Can you post a code example that triggers the error?
I am supplying just part of the code. The real code has many more similar entries. The code uses only PowerModels and XLSX packages.
It parses a network with PowerModels. Then, it puts data into vectors with codes similar to this:
angmin = Vector()
push!(angmin, ["n$(n)" for (n,m) in keys(data[:buspairs])])
push!(angmin, ["n$(m)" for (n,m) in keys(data[:buspairs])])
push!(angmin, [data[:buspairs][(n,m)]["angmin"] for (n,m) in keys(data[:buspairs])])
After that there is only writing to the excel.
XLSX.openxlsx(destination_file, mode="w") do xf
XLSX.rename!(xf["Sheet1"], "Name")
sheet = xf["Name"]
sheet["A1"] = "Name"
sheet["A2"] = String(data[:name])
XLSX.addsheet!(xf, "Set1")
sheet = xf["Set1"]
sheet["A1"] = "arcs_from"
XLSX.writetable!(sheet, arcs_from,["l","n","n"], anchor_cell=XLSX.CellRef("A2"))
XLSX.addsheet!(xf, "Set2")
sheet = xf["Set2"]
sheet["A1"] = "load"
XLSX.writetable!(sheet, load,["lo"], anchor_cell=XLSX.CellRef("A2"))
end
The error occurs within the part where it writes excel. (PowerModel works fine. I checked it.)

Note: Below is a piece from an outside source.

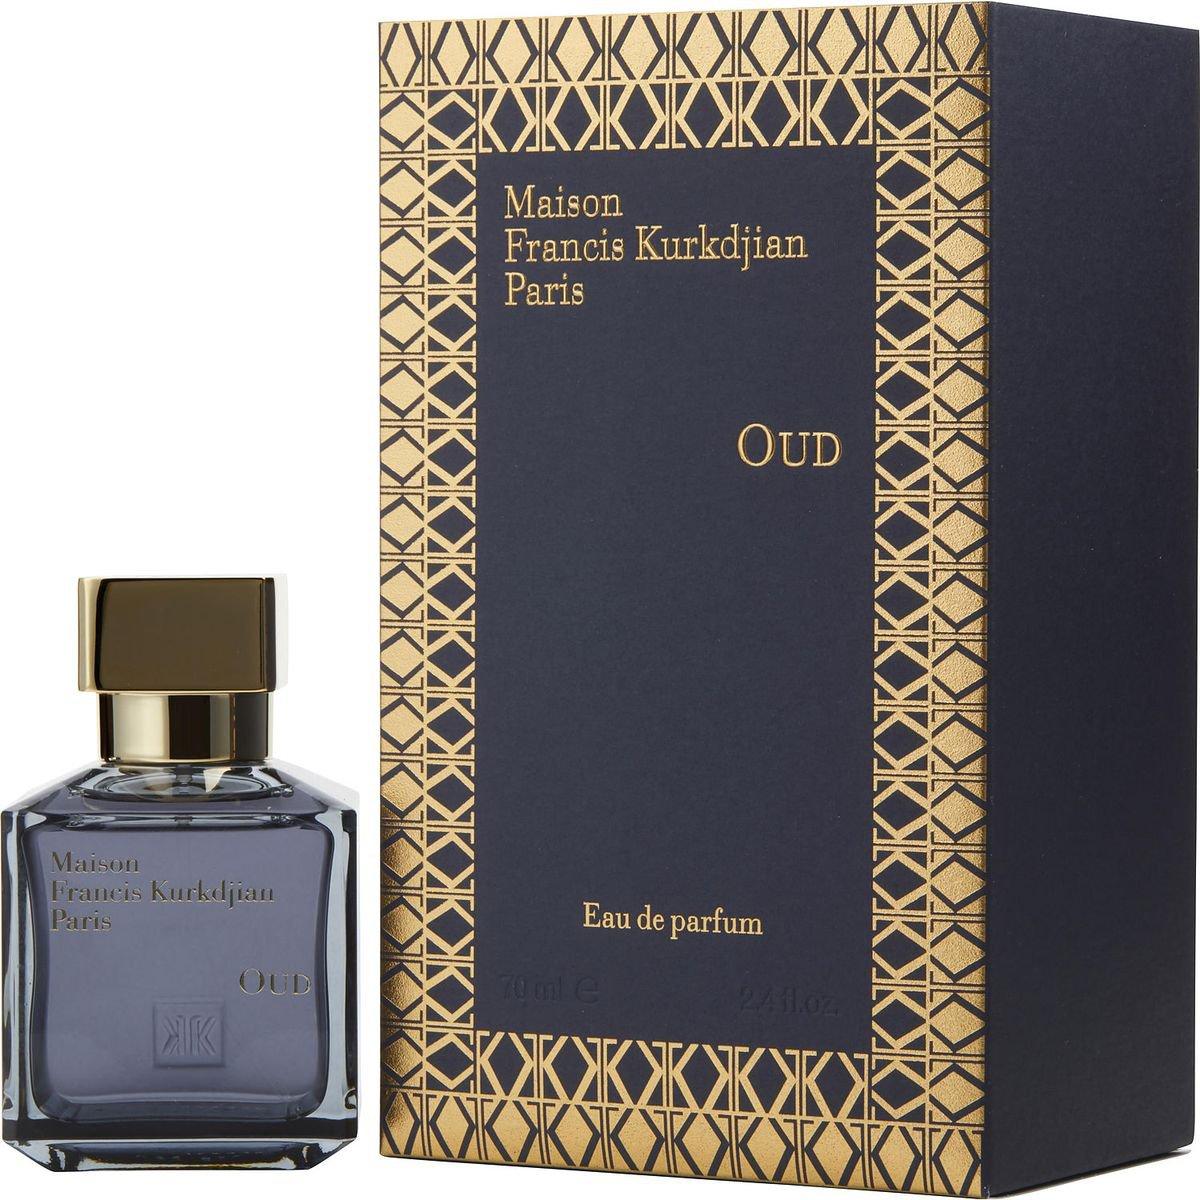 Maison Francis Kurkdjian Oud Eau de Parfum 2.4 oz Spray.

I have found something useful in the zipfile release notes: Upgrade to Julia 1.3+, use JLL packages to provide binary dependencies (#59) (staticfloat)
Once I downgraded Julia to 1.2, everything works. 1.3 and 1.4 give me an error.

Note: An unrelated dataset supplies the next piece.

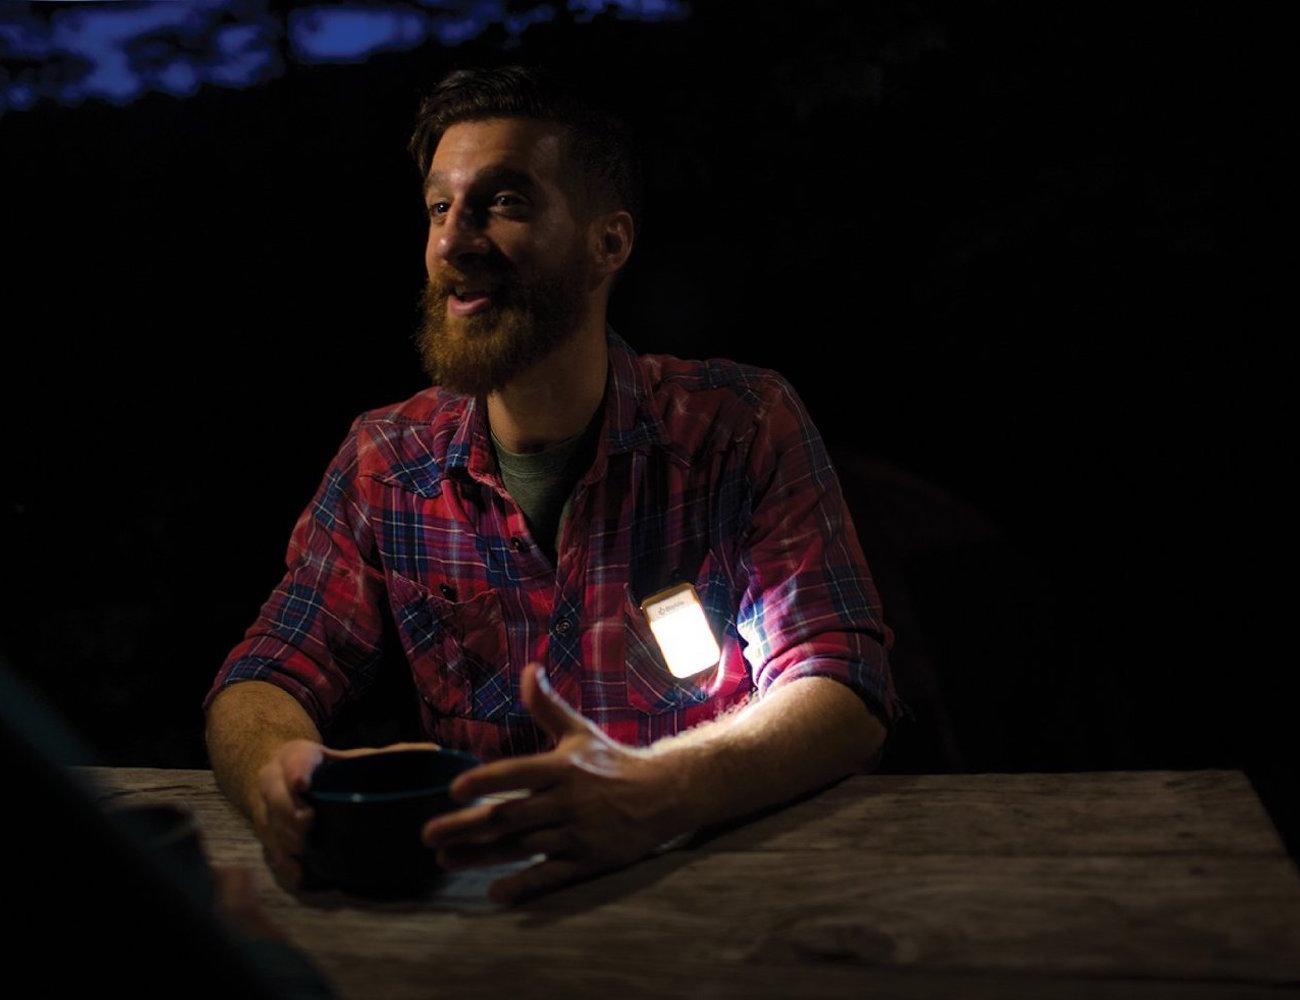 Biolite Mini Power Light

@KSepetanc thanks for the info! I´m sorry if I was not clear. Is it possible for you to provide a self-contained example that triggers the error? Hopefully some code that depends only on XLSX.
A file that reproduces an error is attached just rename ".txt" to ".jl" and avoid C:\ for excel destination due to Windows (10 x64) writing restrictions. The error occurs at the end of the writing which is something like after 4 minutes at 4GHz. If you don't get an error (which should happen), just increase a bit data size, e.g. +20 to 25%.
Writing times are long and I have a feeling they do not increase linearly with data size. Something could be done on that topic as well but that is separate issue.
@felipenoris can you replicate the bug?
@chris-b1, @fhs this might as well be ZipFile bug. It might be worth tagging there as well?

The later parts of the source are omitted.